On April 9, 1906, Alzheimer was informed that Auguste Deter had died from a sepsis, untreatable in the days before antibiotics. In the final stages of her disease, she was unable to walk and bound to bed, where she developed decubitus, which became infected. Alzheimer had her brain sent to Munich and investigated it microscopically with the help of two Italian physicians, using state-of-the-art staining techniques. These investigations were the foundation of the characterization of Auguste Deter’s condition as a newly discovered disease. His initial talk in Tübingen, however, left the audience unimpressed, and he was sent away without further discussion, questions or comments. Two papers describing the condition and the associated pathological histology were published soon, and in 1910, Alzheimer’s boss, Emil Kraepelin referred to the syndrome as “Alzheimer’s disease” in a book chapter, a name that remained.
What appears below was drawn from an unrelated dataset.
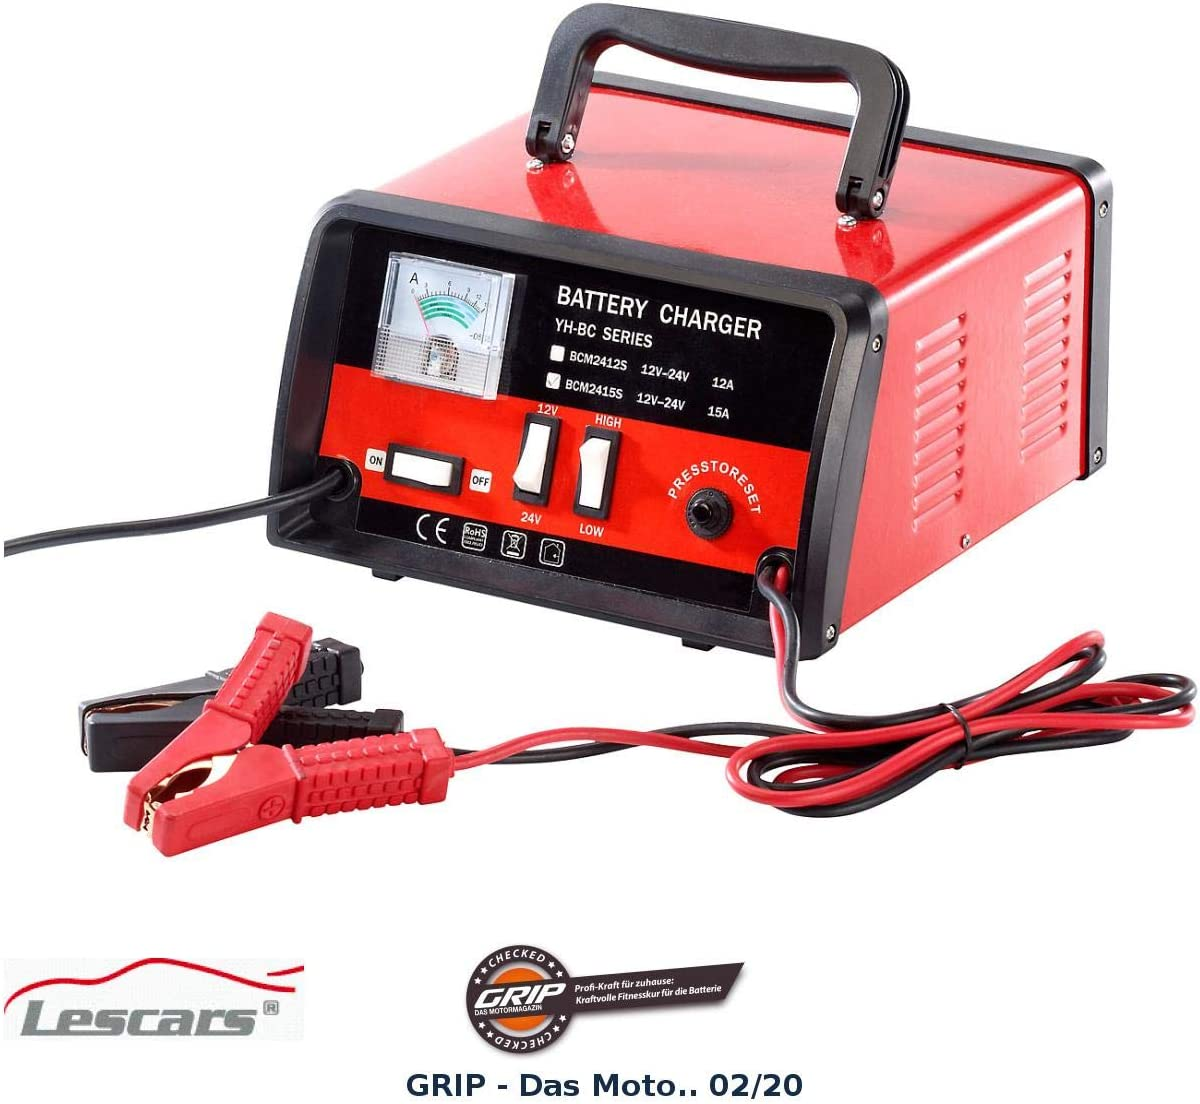 Lescars Profi Batterieladegerät Für 12 24 Volt Max 15 A Auto
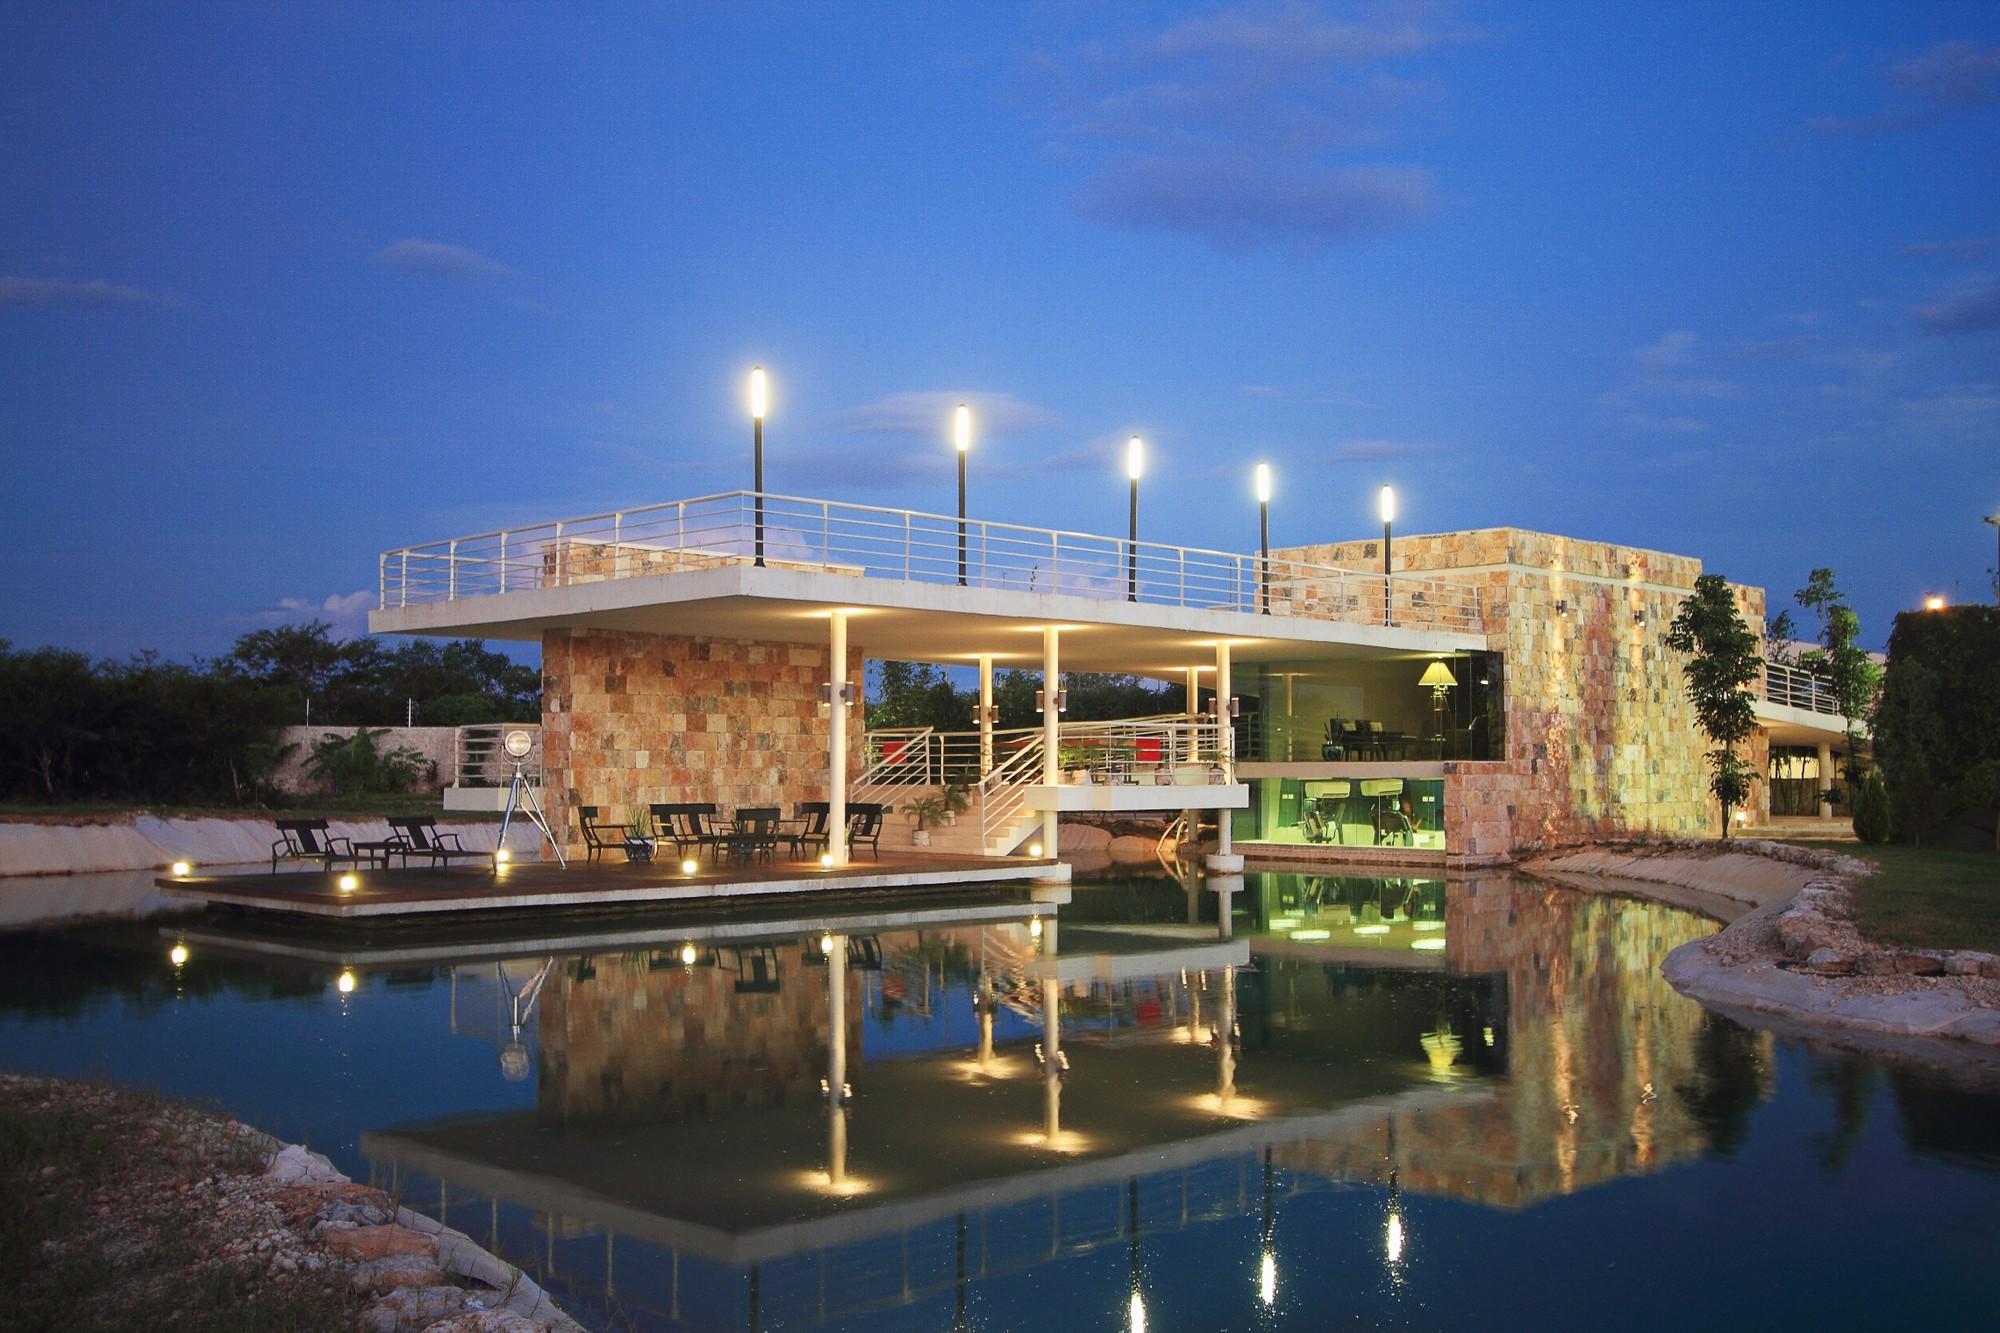 Club House Punta Lago / Seijo Peon Arquitectos, © Tamara Uribe

Alzheimer died in 1915 from complications of what probably was a streptococcus infection in 1912, causing heart, kidney, and rheumatic conditions. Due to his short life, he was never able to discuss his findings with a broad scientific community.
In the early 1990s, medical researchers began doubting whether Alzheimer’s observations matched with today’s diagnosis of Alzheimer’s disease. Through lucky circumstances, Alzheimer’s notes and his original microscopic slides were found in 1997 in an extremely well-preserved state, so that all doubts could be removed.